Le 22/05/2015 21:49, Phil (list) a écrit :
> Hi Thierry,
>
> On Fri, 2015-05-22 at 09:56 +0200, Thierry Goubier wrote:
>> Hi all,
>>
>>
>> first post here about Cuis, and this is a question I am interested
>> in... I do believe the viewpoint institutes documents have a few
>> answers about that (parsers for network protocols, etc...). But
>> still...
>>
>
> I could see network protocols as another time-series application.

I'm not in the know about that, but I would guess from past discussions 
that people dealing with network and communication protocols would like 
to see automatons... and parsing is a way to build an automaton.

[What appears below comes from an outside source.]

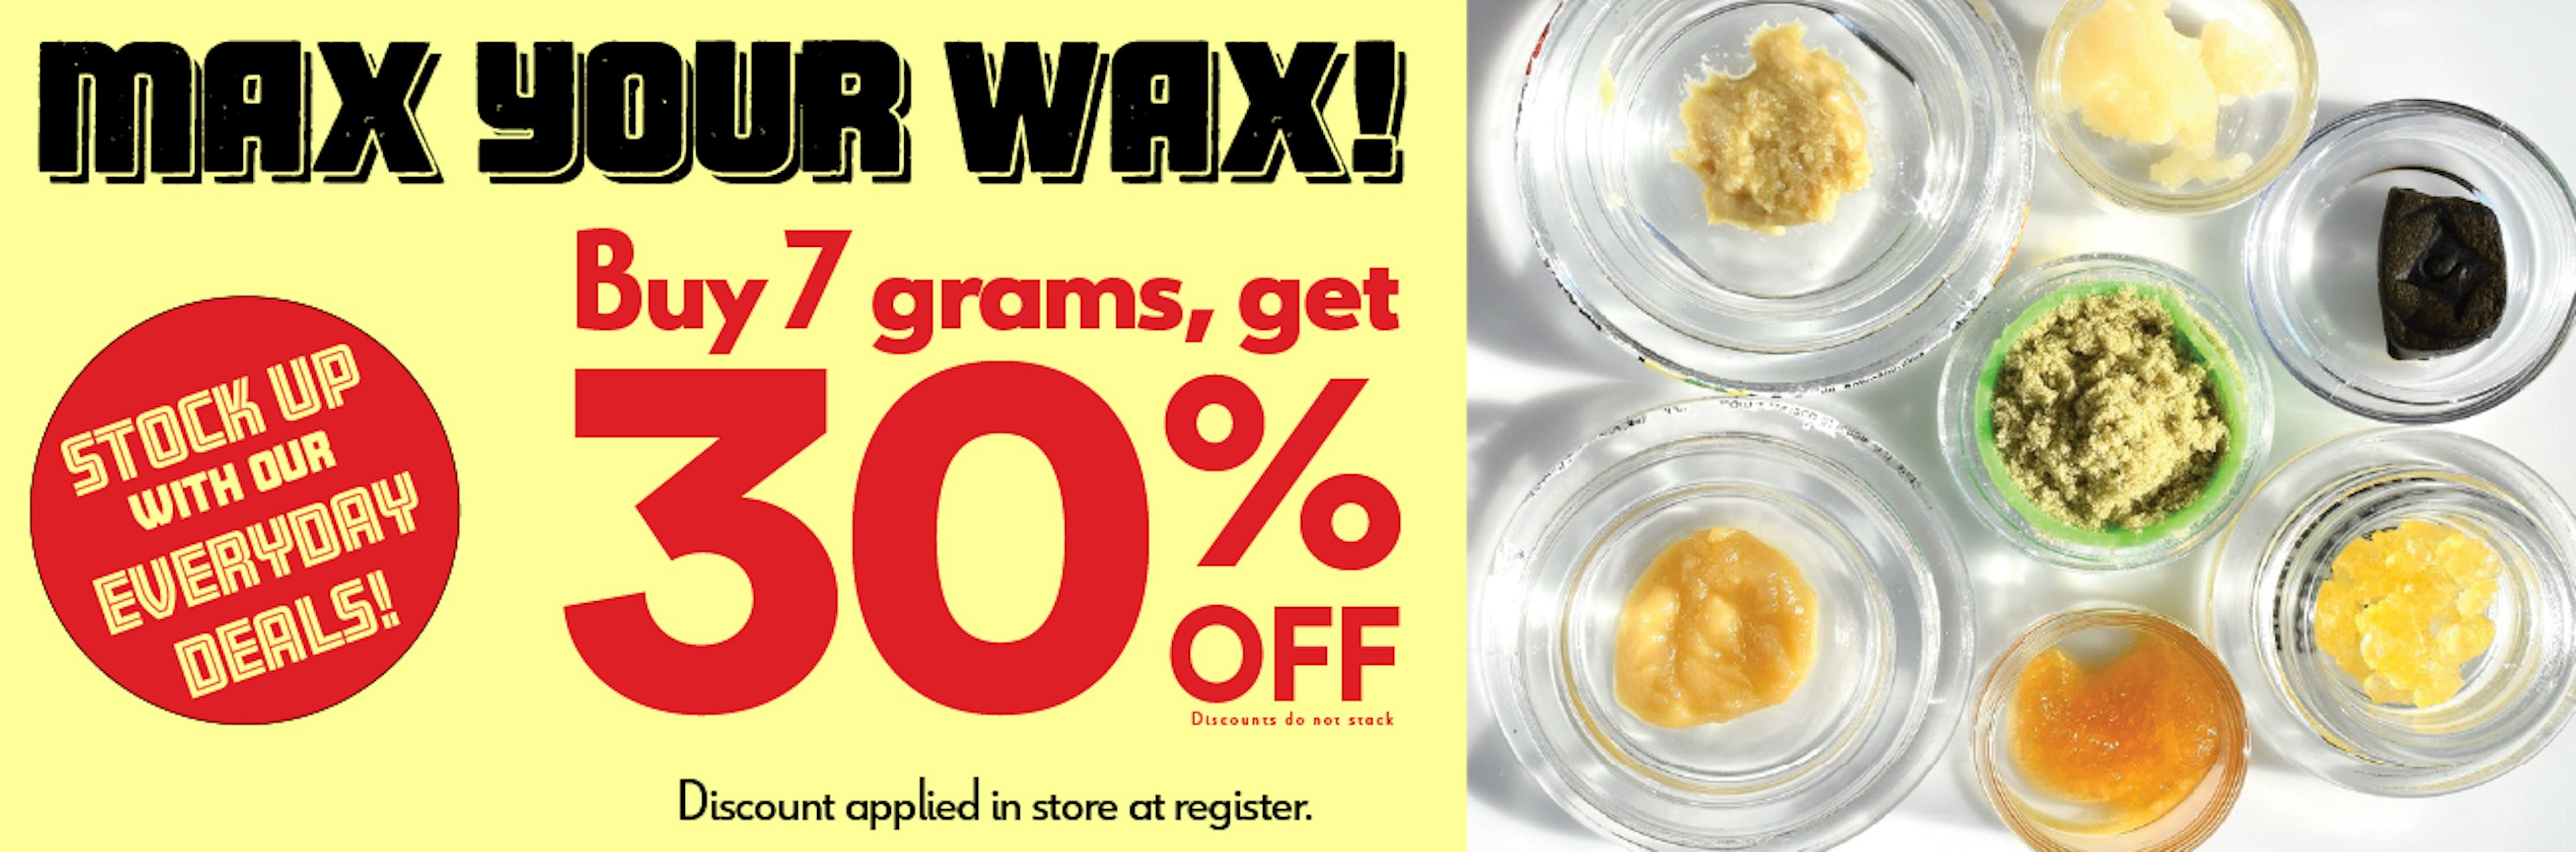 Buy 7 grams of wax, and get 30% off in store!

>> I'm in a strange position about OMeta which is I don't see the
>> benefits. I do have the same position about PetitParser, but with even
>> worse data points which is I know precisely the performance loss of
>> going the petit parser way.
>>
>
> Not strange at all given where it sounds like you're coming from re:
> performance being a key requirement.  I won't try to put any spin on it:
> everything I've seen indicates that OMeta is among the slowest parsers
> out there, but pretty quick given its approach.  Computing power what it
> is today, for many applications the response is 'it's fast enough' or
> 'who cares?' (see the World Wide Web, client- and server-side, for a
> perfect example)  I would imagine that if you have heavy data processing
> workloads or have very specific response time requirements, then you do
> care and OMeta wouldn't work for the application.  However, as a
> language for DSLs, at most you're typically only going to see a small
> fraction of a second of overhead.  Another way to think of it: if speed
> OF the solution is the priority, don't use OMeta.  If speed TO the
> solution is the priority, that's what OMeta does well.  I'll get more
> specific below...

>
>>
>> I have been writing compiler front-ends for the past 7 years, first
>> with Flex / Bison and C, and then with Smalltalk / SmaCC (I maintain
>> SmaCC for Pharo). I see the work done by John Brant and Don Roberts
>> first hand (RB, SmaCC, generalised refactoring in SmaCC) and I know
>> that both OMeta and petit parser are using for me what is a very
>> limited form of parsing, with additionally a large performance
>> penalty. Moreover, grammars produced in the PetitParser case are as
>> long, if not longer than the equivalent SmaCC grammar.
>>
>
> I believe this is one of the areas where OMeta is quite strong: its
> grammars are short... very short... 'where did the grammar go?' short.
> Consider this example I posted earlier to parse Squeak array
> constructors.  Here is the Smalltalk version (i.e. what OMeta is
> actually doing behind the scenes):
>
> arrayConstr
>          ^ self ometaOr: {[true
>                          ifTrue: [self apply: #token withArgs: {'{'}.
>                                  self apply: #expr.
>                                  self
>                                          many: [true
>                                                          ifTrue: [self
> apply: #token withArgs: {'.'}.
>                                                                  self
> apply: #expr]].
>                                  self ometaOr: {[self apply: #token
> withArgs: {'.'}]. [self apply:
> #empty]}.
>                                  self apply: #token withArgs: {'}'}]].
> [true
>                          ifTrue: [self apply: #token withArgs: {'{'}.
>                                  self apply: #token withArgs: {'}'}]]}
>
> and here's the OMeta version:
>
> arrayConstr =
>
>          "{" expr ("." expr)* ("." | empty) "}"
> |       "{" "}"

But this is just as would be the SmaCC grammar for that... This is what 
I added to the SmaCC St grammar to support arrays:

	| "{" StatementList OptionalPeriod "}"
			{ RBArrayNode statements: '2' }
	| "{" "}"
			{ RBArrayNode new }

This is my hardest thing with OMeta: grammars are, well, grammars. No 
difference. PEGs are strictly less interesting than GLR (and probably 
even than LALR...).

Object orientation over grammars is interesting, may bring benefits (had 
to work on an extension of C in the past), but why PEGs?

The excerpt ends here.